The architecture is based on the use of etiquettes that defines the characteristics of the image as the palette can be resolution dimensions, localization of data, etc. These etiquettes are located at the beginning of the file and provide flexibility at the moment to create new data and etiquette types defined by the user.
1.3.2 GIF
The Graphics exchange Format (GIF) was created by CompuServe in 1987, it has been one of the most widely used formats for web environments because of many factors; one of them is the possibility to have harbor inside the same file of several images so that it can store sequences to provide motion to the stored images in the file. On the other side the use of the motion images. Another factor that is widely used is for the size in the files that can be generated, the format can use palettes from 2 to 256 colors of between 16,8 millions of colors that can be used, this fact enables the use of few bits for the color encoding because it is restricted to a maximum of 256 colors for each palette that is used.
For example, a drawing that uses 8 different colors instead of using one byte to store the color information of each pixel, only is requires the use of 3 bites to store that information and that means a safe of more of the fifty percent in storage space and the transmission of this image.

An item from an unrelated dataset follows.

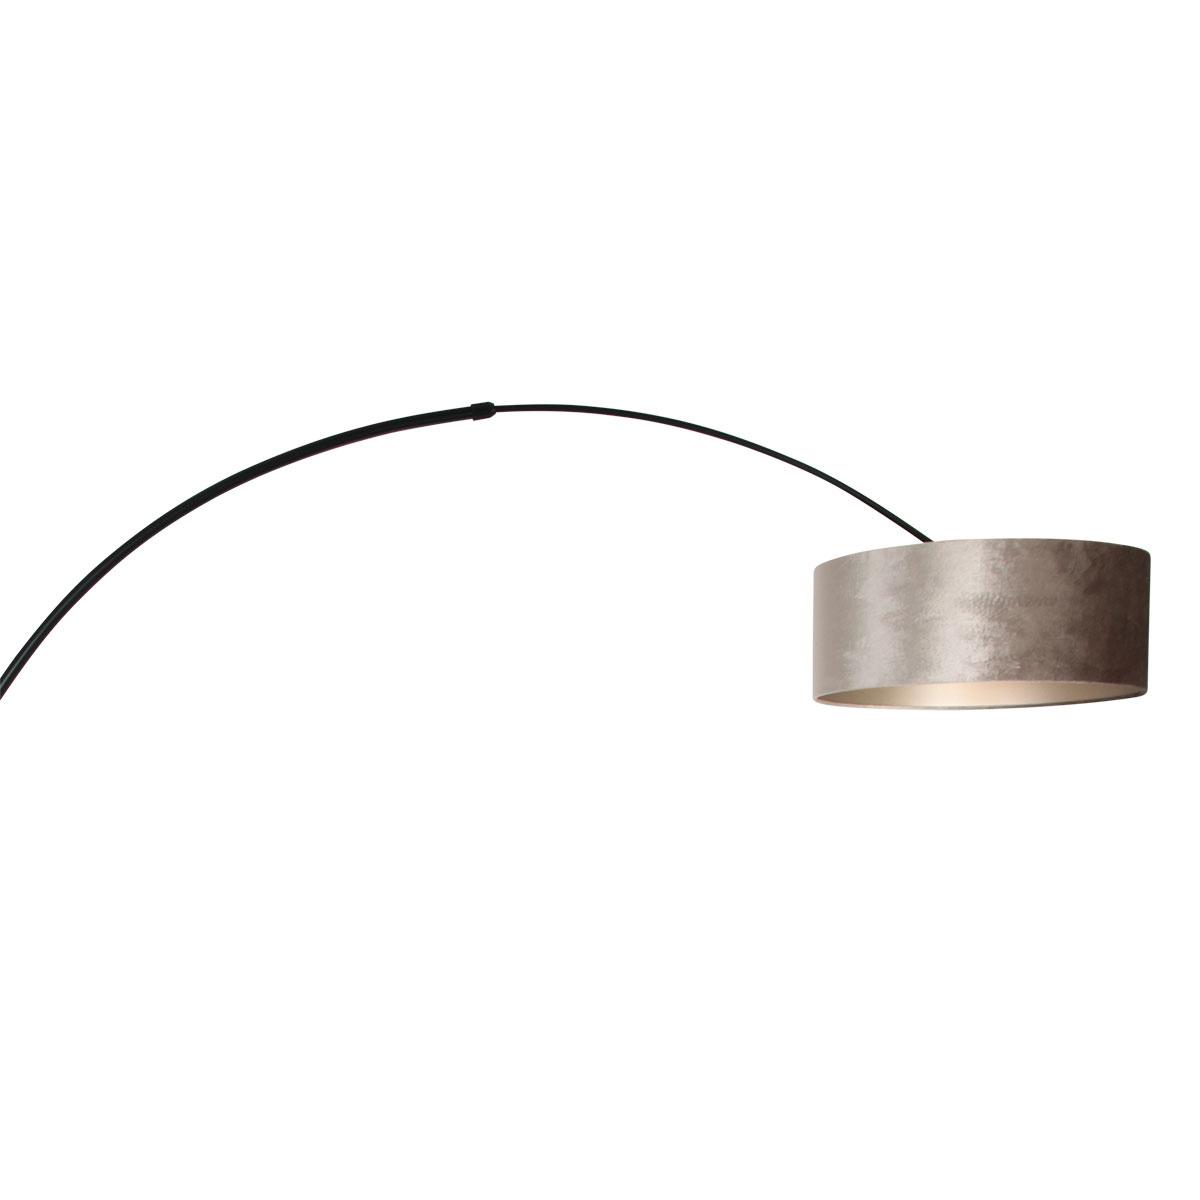 Steinhauer Vloerlamp Sparkled light 8128 zwart kap zilveren velours

The format is used mainly for the creation of motion icons which with few bits of color encoding, it turns into compressions lossless with a great performance. This together with the possibility to create animates makes it an ideal format for these environments.
1.3.3 PNG
The Portable Network Graphic (PNG) was initially developed as a free format to replace the gif files for many reasons to avoid too many license payments. Designing the representation of images on the Net with support of three types of images: grayscale (until 16 bits per pixel), real color (until 3x16 bits per pixel) and indexed colors (until 256 colors)
Also it incorporates Alpha channel to work in different production environments of photography or motion video.
1.3.4 JPEG
It was created by the Join Photographic Experts Group (JPEG) and established like a standard by ISO (CCITT, 1992). Today is the most used compression format to still images. The first encoding JPEG that emerged from the collaboration between ITU and ISO was a compression of 15:1 without losing subjective quality, with more compression factors that can be perceived as the loss of quality.
Is a standard created for images that has used the encoding of the motion images like image sequences, has been for a long time the system of the video servers in professional quality. The advantage of editing in any frame of the sequence without increase is the computer complexity made was widely used in production.